Горький призывал учиться литературному мастерству у классиков, а изучение языка классических произведений учит прежде всего постигать прелесть и силу разных индивидуальностей, разных стилей. Сравнивая между собой манеру письма великих художников – ну, скажем, их способы строить предложение, их синтаксис, – мы видим, что один добивался наибольшей выразительности с помощью предложений коротких, легких, лаконических; другой – с помощью предложений длинных, периодов монументальных, сложно построенных. Важно, чтобы синтаксис, построение и соотношение фраз работали, помогали решать задачу. Помогают ли они или мешают? – именно это должен научиться улавливать редактор. Классика в сознании мастера редакторского искусства живет как золотой эталон. Ею отточен драгоценнейший инструмент редакторского труда – вкус. Но любой эталон превращается в мерку ложную, фальшивую, вредную, если редактор применяет его к новому произведению механически. Нельзя мерить пространство килограммами, а вес – метрами. Ничего нет опаснее, уничтожительнее для индивидуального стиля, чем столкновение с догмой. Даже если в догму превращен самый высокий литературный образец.

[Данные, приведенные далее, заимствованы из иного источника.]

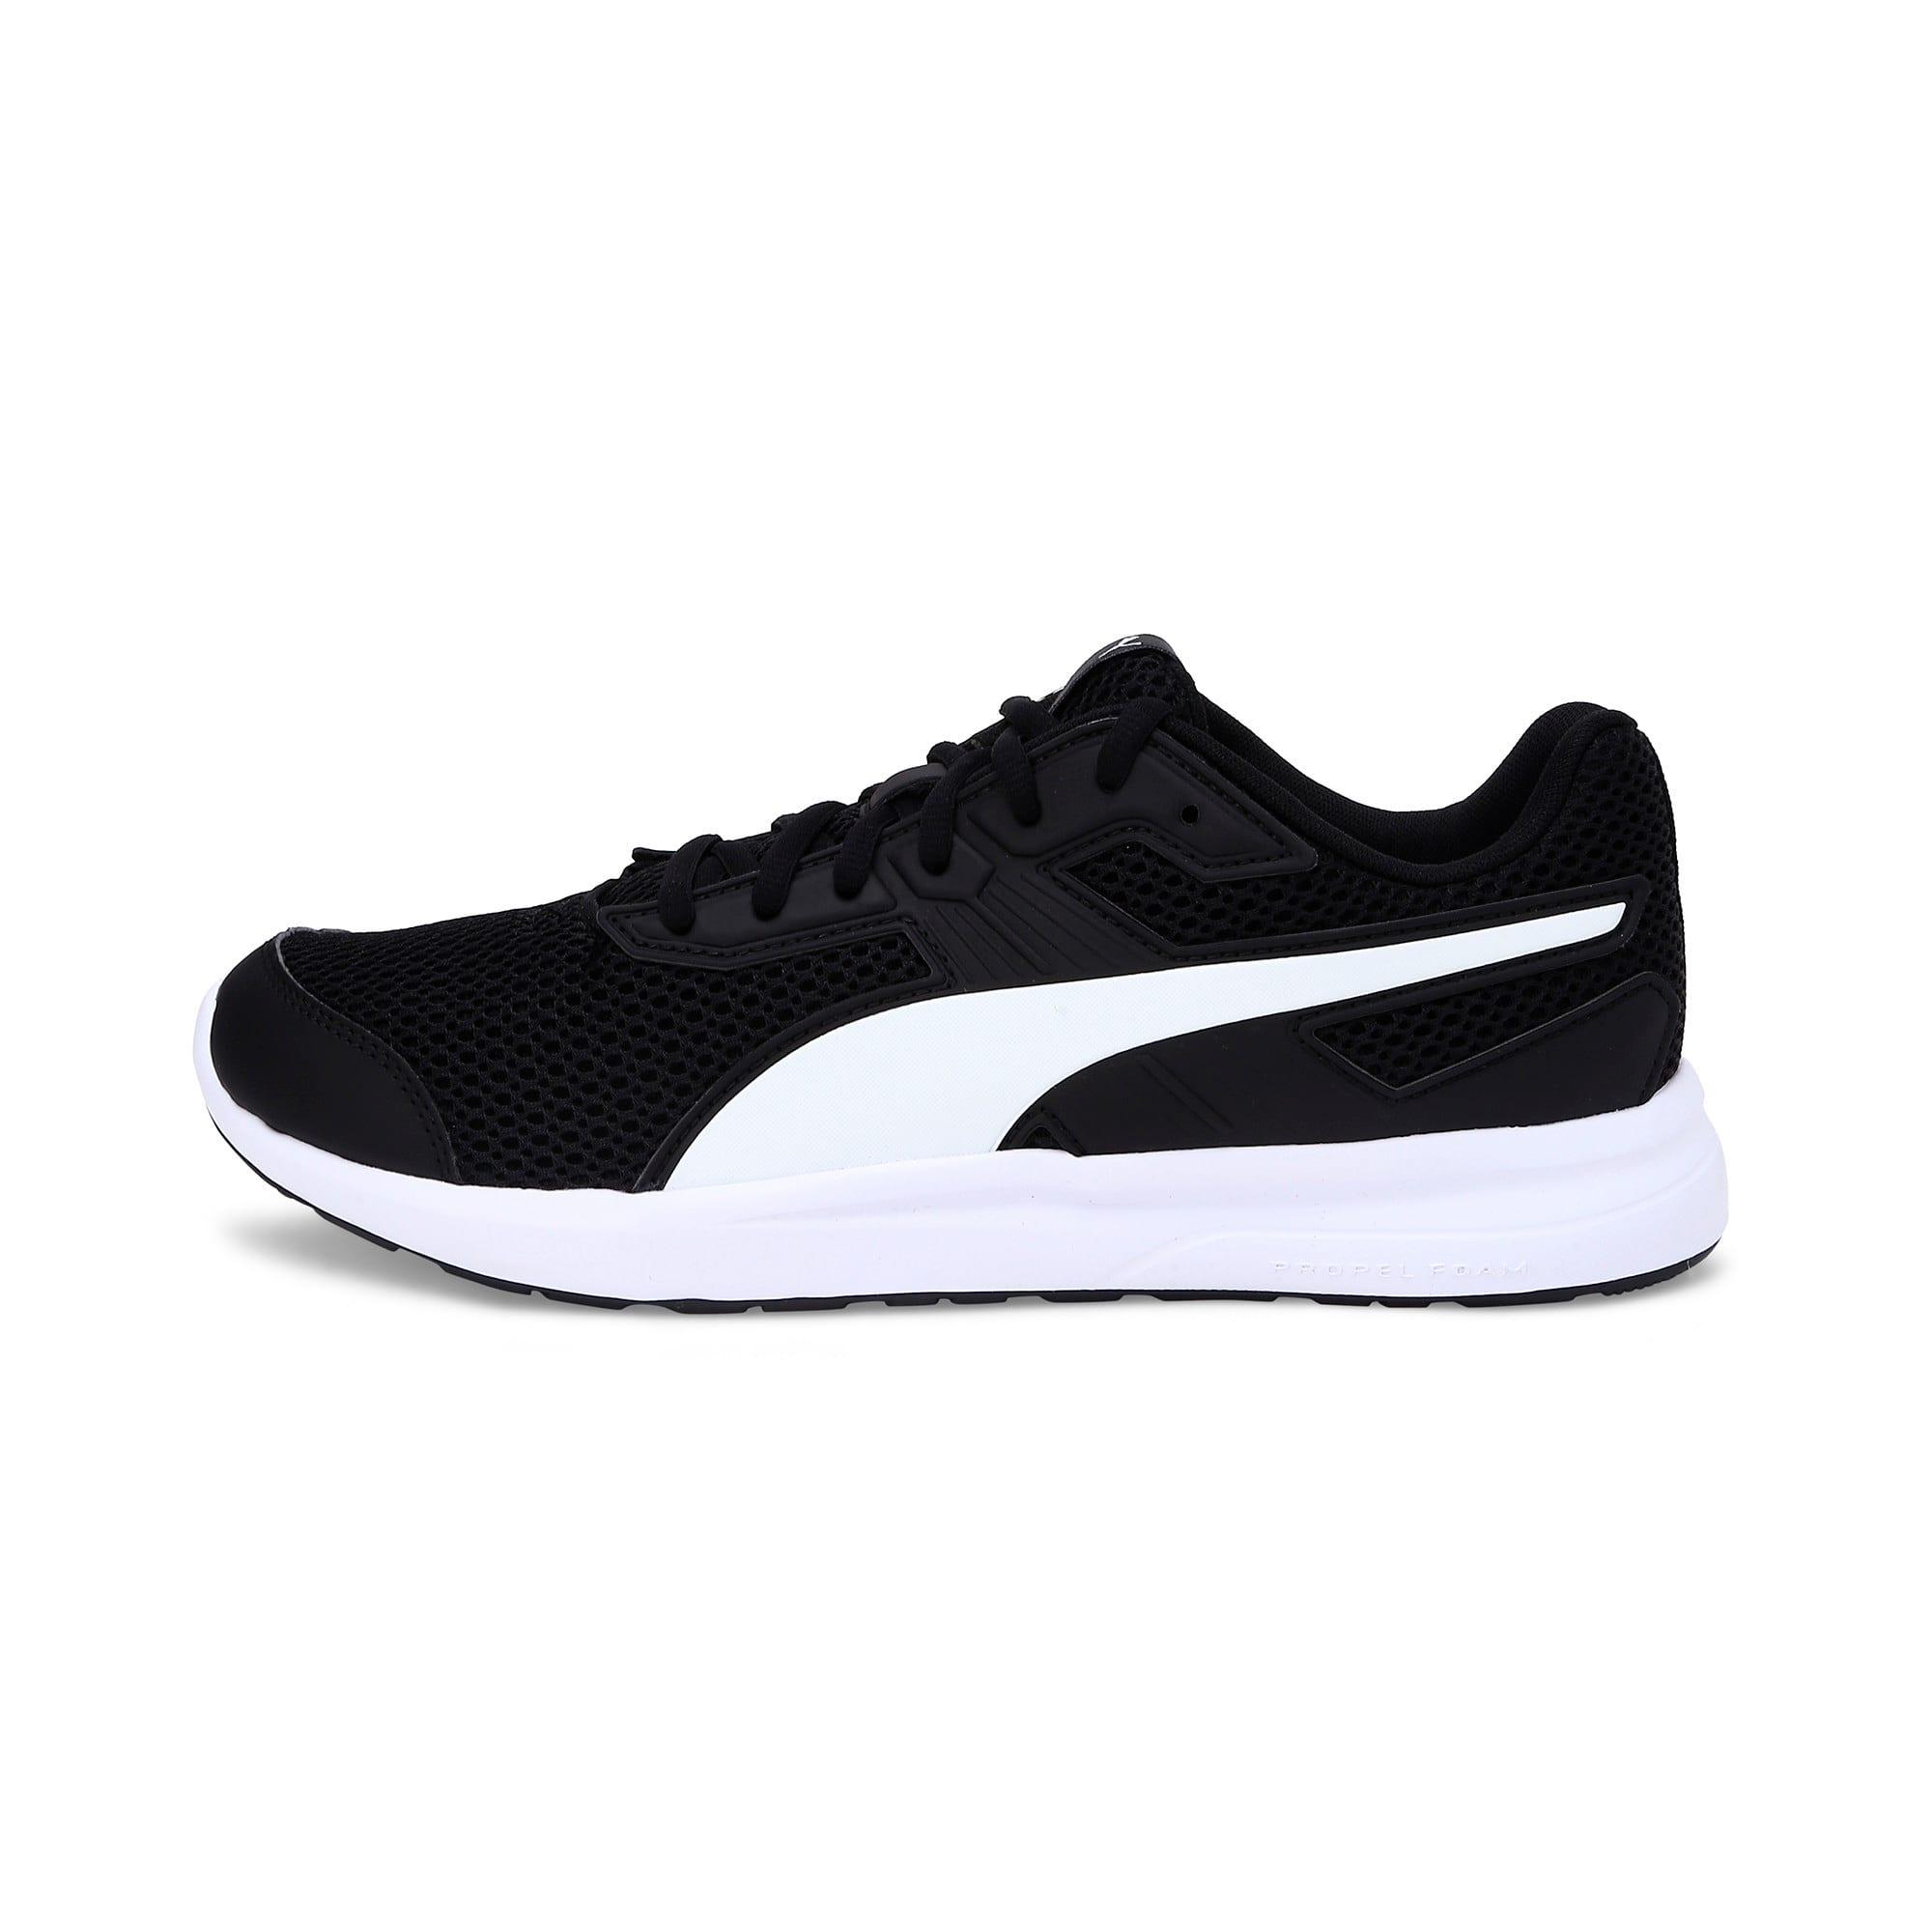 Thumbnail 1 of Escaper Training Shoes, Puma Black-Puma White, medium-IND

«Образец повести, по-моему, "Тамань" Лермонтова, – писал Чехову Д. Григорович. – Пусть все литераторы соберутся, и ни один не найдет слова, которое можно было бы прибавить или убавить…»[144]144
  Письмо А. П. Чехову. 2 апреля 1886 г. // Слово. Сб. второй. М.: Кн– во писателей в Москве, 1914, с. 202.


[Закрыть]
. Чехов был согласен с Григоровичем, всю жизнь считал слог «Тамани» образцовым и, несомненно, учился у Лермонтова сжатости, краткости фразы. И в самом деле, что может быть более ясно, кратко, более действенно и в то же время более поэтично!

«Так прошло около часа. Месяц светил в окно, и луч его играл по земляному полу хаты. Вдруг на яркой полосе, пересекающей пол, промелькнула тень. Я привстал и взглянул в окно: кто-то вторично пробежал мимо его и скрылся бог знает куда. Я не мог полагать, чтоб это существо сбежало по отвесу берега; однако иначе ему некуда было деваться. Я встал, накинул бешмет, опоясал кинжал и тихо-тихо вышел из хаты; навстречу мне слепой мальчик. Я притаился у забора, и он верной, но осторожной поступью прошел мимо меня. Под мышкой он нес какой-то узел и, повернув к пристани, стал спускаться по узкой и крутой тропинке».

Тут каждая фраза ясна, а все они вместе создают впечатление тайны; каждая фраза движет повествование вперед, полна действия и в то же время задумчивой поэтической прелести. Самыми простыми средствами, без описаний, почти без эпитетов («Месяц светил в окно»; «на яркой полосе… промелькнула тень») создана ночь, полная красоты, напряженного ожидания и тревоги. По своей стремительности, легкости, содержательности и кажущейся безыскусственности, по своему немногословию этот отрывок может быть сопоставлен разве что с прозой Пушкина:

«Небо было ясно. Луна сияла. Погода была тихая. Волга неслась ровно и спокойно. Лодка, плавно качаясь, быстро скользила по темным волнам. Я погрузился в мечты воображения».

Кажется, от этих слов: «Лодка, плавно качаясь, быстро скользила по темным волнам» – кружится голова, когда читаешь. Будто сам в полутьме сидишь у борта быстро скользящей лодки. Такова власть над воображением читателя этого стремительного лаконизма, этой полной содержания краткости.

Но что случилось бы с другой вершиной мировой прозы, с прозой Гоголя, если бы мы подошли к ее языку и стилю с меркой языка и стиля лермонтовской «Тамани» или «Капитанской дочки» и «Путешествия в Арзрум» Пушкина? С меркой лаконизма, сжатости, краткости и стремительного немногословия?

«Как бы исполинский вал какой-то бесконечной крепости, с наугольниками и бойницами, шли, извиваясь, на тысячу с лишком верст горные возвышения. Великолепно возносились они над бесконечными пространствами равнин, то отломами, в виде отвесных стен известковато-глинистого свойства, исчерченных проточинами и рытвинами, то миловидно круглившимися зелеными выпуклинами, покрытыми, как мерлушками, молодым кустарником, подымавшимся от срубленных дерев, то, наконец, темными гущами леса, каким-то чудом еще уцелевшими от топора. Река то, верная своим берегам, давала вместе с ними колена и повороты, то отлучалась прочь в луга, затем, чтобы, извившись там в несколько извивов, блеснуть, как огонь перед солнцем, скрыться в рощи берез, осин и ольх и выбежать оттуда в торжестве, в сопровождении мостов, мельниц и плотин, как бы гонявшихся за нею на всяком повороте».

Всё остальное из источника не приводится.